When Rodolphe Saadé (CMA-CGM), Xavier Niel (Iliad) and Eric Schmidt (ex-Google) take the stage at Station F on November 17, 2023, the French artificial intelligence sector holds its breath. The result lives up to expectations: the three entrepreneurs announce the creation of Kyutai, a non-profit AI research laboratory with 300 million euros. His mission? Become a reference in the field. A year later, the general director of Kyutai, Patrick Pérez, is all smiles when he meets L’Express. Rightly so: in one year, the laboratory has already achieved some feats, the most important of which is undoubtedly Moshi. The voice chatbot, a demo of which was unveiled in July and the source code published in September, is impressively fast.
A European player facing OpenAI
From the start, Kyutai sought to revolutionize the field of voice assistants previously infamous for their slowness and verbal rigidity. “When ChatGPT came out, we were all impressed that we could talk to an AI. But as soon as we switched to voice, there was a lag. The interaction wasn’t good, the latency was too long, it didn’t work. was neither fluid nor expressive, nothing like a real conversation,” explains the general director. Kyutai therefore set to work, with success. To the point that a daring Moshi sometimes cut off his interlocutors during his presentation in July. The public online “demo” has since been used nearly 500,000 times. “People played with Moshi, and were very surprised by its responsiveness and fluidity,” comments Patrick Pérez with a smile.
Between the creation of the laboratory and the deployment of Moshi, “their speed is still exceptional. The feedback from the ecosystem on them is very good. Everyone has tested Moshi”, observes Mehdi Triki with pride. For this manager of public and institutional relations at Hub France IA, the association bringing together players in the sector, Kyutai’s work with Moshi places him in the league of OpenAI. Even if the American giant, founded in 2015, valued at $157 billion and staffed by 1,700 employees, is much more imposing than the French laboratory and its fifteen researchers.
“We want to grow, confirms Patrick Pérez. We are always looking for sharp profiles, but it is more important to us to grow carefully than quickly.” The competition to attract competent profiles is, it is true, fierce in this booming sector. To seduce, Kyutai relies on its singularities. “In the French and European landscape, there are no other non-profit organizations with a similar budget. And the team has a very high level,” argues Patrick Pérez. Not to mention that Kyutai has access to the supercomputer equipped with Nvidia chips from Scaleway, the cloud solution that is part of the Iliad and Xavier Niel portfolio.
The very high cost of training models is, however, a challenge for an entity such as Kyutai. This puzzle also prompted the leader OpenAI, which had a similar status, to review its structure and open a for-profit subsidiary. “For the moment, Kyutai does not have a business model,” recognizes Patrick Pérez. Moshi, impressive as it is, doesn’t make money – the training codes and data are open source, available for free. “The question of viability is important in the long term, but we have time to see it coming. Our endowment is large, and we believe we can attract other donors. Moshi is a tour de force which has impressed, so it may convince other institutions.” Other options such as the creation of a spin-off will be studied in the longer term if necessary, but the laboratory indicates that it is not at this stage of consideration. Above all, there is no question for the director of developing a commercial part inside the laboratory, as OpenAI was able to do.
Money, the sinews of war
“The ability to conquer the business and general public market will be decisive,” however, warns Mehdi Triki. Because the competition promises to be tough. When OpenAI launched ChatGPT, the technology quickly became essential, and the company a reference. However, in the new technology sector, the first entrant often enjoys an advantage. “The other question that Kyutai must answer is what’s next after Moshi?”, specifies the head of public and institutional relations at the France IA Hub.
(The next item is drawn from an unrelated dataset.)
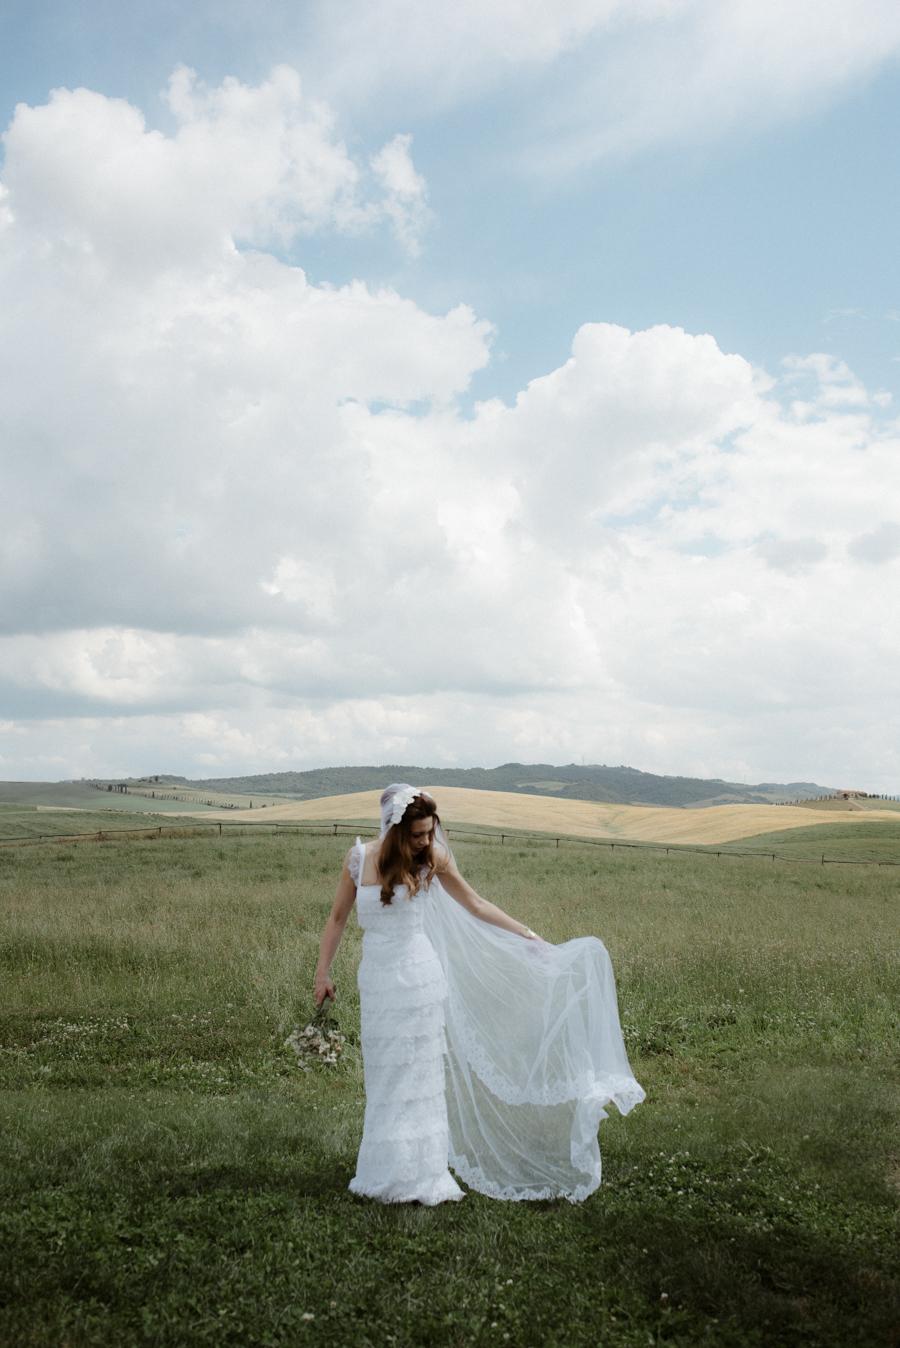 matrimonio-anni-70-sarinski-bianco-photography-10

Kyutai is fortunately not short of ideas. “For Moshi, we are thinking of use cases in call centers, satisfaction surveys, but also in education or accessibility for people with disabilities,” reveals Patrick Pérez. Moshi could thus become “the voice and the eyes” of many people.
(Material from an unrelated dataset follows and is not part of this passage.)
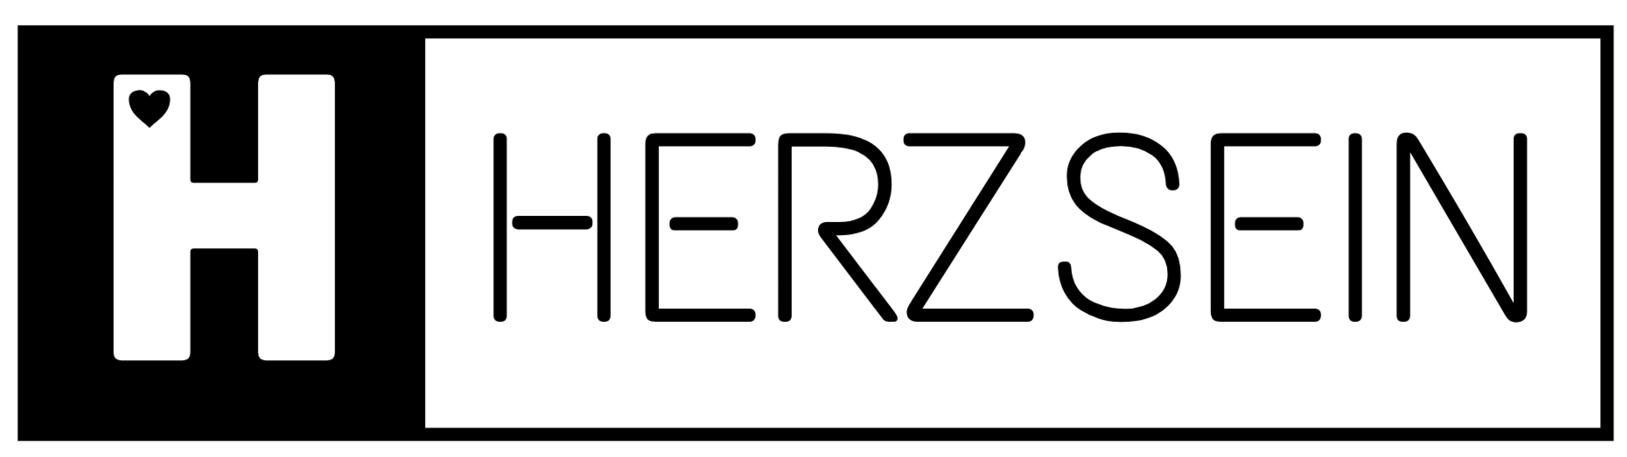 HERZSEIN

Above all, Moshi has only taken his first steps. “We want to make him speak other languages and give him sight,” explains the director of Kyutai. The laboratory is working on multimodal models, but also on smaller and compact models. In the longer term, Kyutai dreams of transforming the very architecture of the models, for the moment all based on a very specific type of neural network, called “transformers”. “These networks work well, but they have many drawbacks, and they are perhaps not intended to embody the future, believes Patrick Pérez. We want to build this future, the ‘transformers 2.0′“.